— Вы все обсудили? — спросил вошедший.
— Да, — ответил человек в очках, почтительно взглянув на него.
— Братья по оружию! — сказал незнакомец. — Планы нужно изменить. Всего несколько минут назад мои разведчики сообщили, что сектантские большевистские силы готовятся к вооруженному выступлению против нашей революции.
Находившиеся в комбате громко выразили удивление.
— Нам стало известно, — продолжал мужчина, — что в здание городского комитета партии на площади Республики находится центр по организации этого наступления. Ночью туда были стянуты многочисленные отряды офицеров и солдат госбезопасности. Офицеры госбезопасности переодеты в армейскую форму. В подземных казематах, находящихся под зданием, подвергают пыткам схваченных борцов за свободу. Этот центр поддерживает связи с районными партийными комитетами, и в течение первой половины дня они намереваются вывести на улицы отряды коммунистической рабочей милиции. Я спрашиваю, можем ли мы допустить, чтобы нам нанесли удар в спину, воспользовавшись объявлением о прекращении огня?
— Нет! — воскликнул. Чатаи.
— Вот именно, друзья! Нужно разгромить заговорщиков и как следует проучить врагов революции.
— Какие будут указания? — спросил человек в очках.
— Нужно мобилизовать все наши силы и двинуть их против городского комитета, на площадь Республики, а также против районных партийных комитетов. Одновременно необходимо вызвать брожение на предприятиях, чтобы сковать силы… Ясно?
— Ясно, — ответили все в один голос.
— В таком случае, господа, прошу вас зайти ко мне. Я детально ознакомлю вас с практическим осуществлением операции.
Ласло не верил своим ушам. Его широко открытые глаза выражали недоумение: «Значит, это еще не конец? Снова идти в бой? Чего же хотят сектанты?»
Один за другим присутствующие покидали комнату. Последними выходили Фараго и Ласло. Фараго улыбался. О чем-то задумавшись, он покручивал ус. «Сами себе лжем! Обманываем друг друга, как торгаши на базаре. «Подземные казематы!» Ну, да ладно! Все верят, а это главное!» Он похлопал по плечу все еще не опомнившегося юношу.
— Торопись, дружище, а то опоздаем.
Когда они, уяснив задачу, вернулись в свой штаб, было уже около девяти часов. Времени для размышлений не оставалось: нужно немедленно действовать, поднимать людей.
Чатаи отослал связного к Хегедюшу, отправил людей на площадь Республики. Расторопность бывшего депутата вызвала ироническую улыбку у наблюдавшего за ним Фараго. «А ведь звезда Чатаи закатывается, — подумал он. — Те, кому он предан, потихоньку оттесняют его в сторону, в нем уже не нуждаются. Теперь нужны другие. Для роли руководителя Бела Кирай более подходящая фигура».
— Адам, — обратился к нему Чатаи, — и ты идешь?

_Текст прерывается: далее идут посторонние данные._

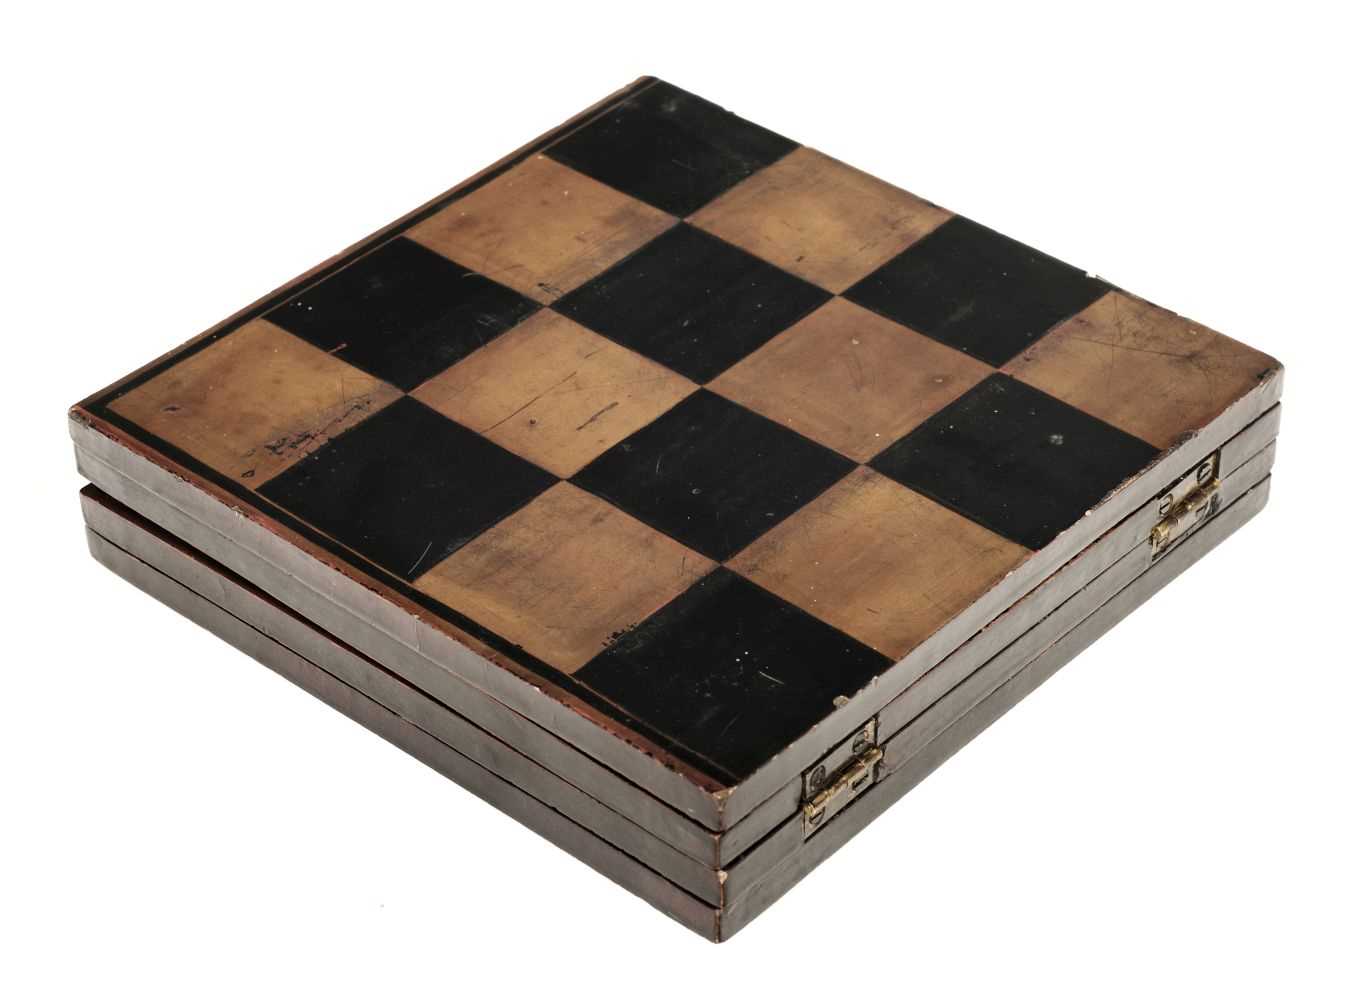 Lot 248 - Chess. A 19th-century folding chessboard
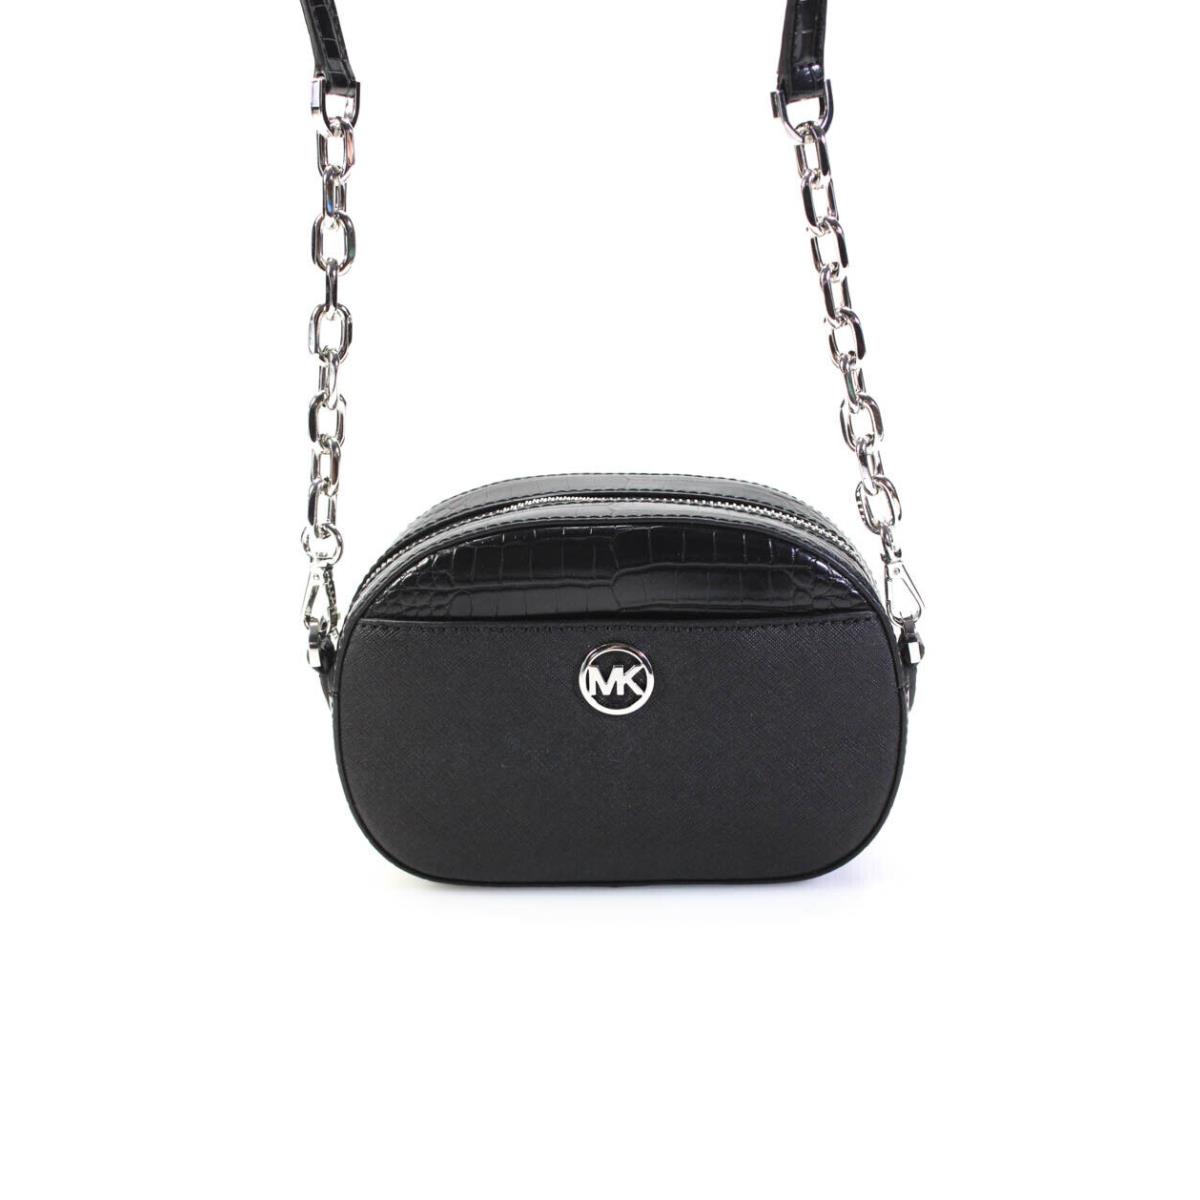 Kors Womens Black Leather Small Front Pocket Crossbody Handbag

— Нет, — ответил капитан. — У меня есть дело поважнее. Но мои люди будут там. К сожалению, у меня свидание, которое не терпит отлагательства.
— С кем? — спросил Чатаи.
— Угадай, — таинственно произнес Фараго.
— Понимаю, — улыбнулся бывший депутат и спросил у Ласло: — Командовать отрядом будешь ты?
— Нет. Ласло, как предусмотрено планом, поедет на заводы, чтобы сковать действия коммунистов; — ответил за юношу Фараго. — От меня на заводы поедут еще четыре человека. Я думаю, пора отправляться — время не ждет.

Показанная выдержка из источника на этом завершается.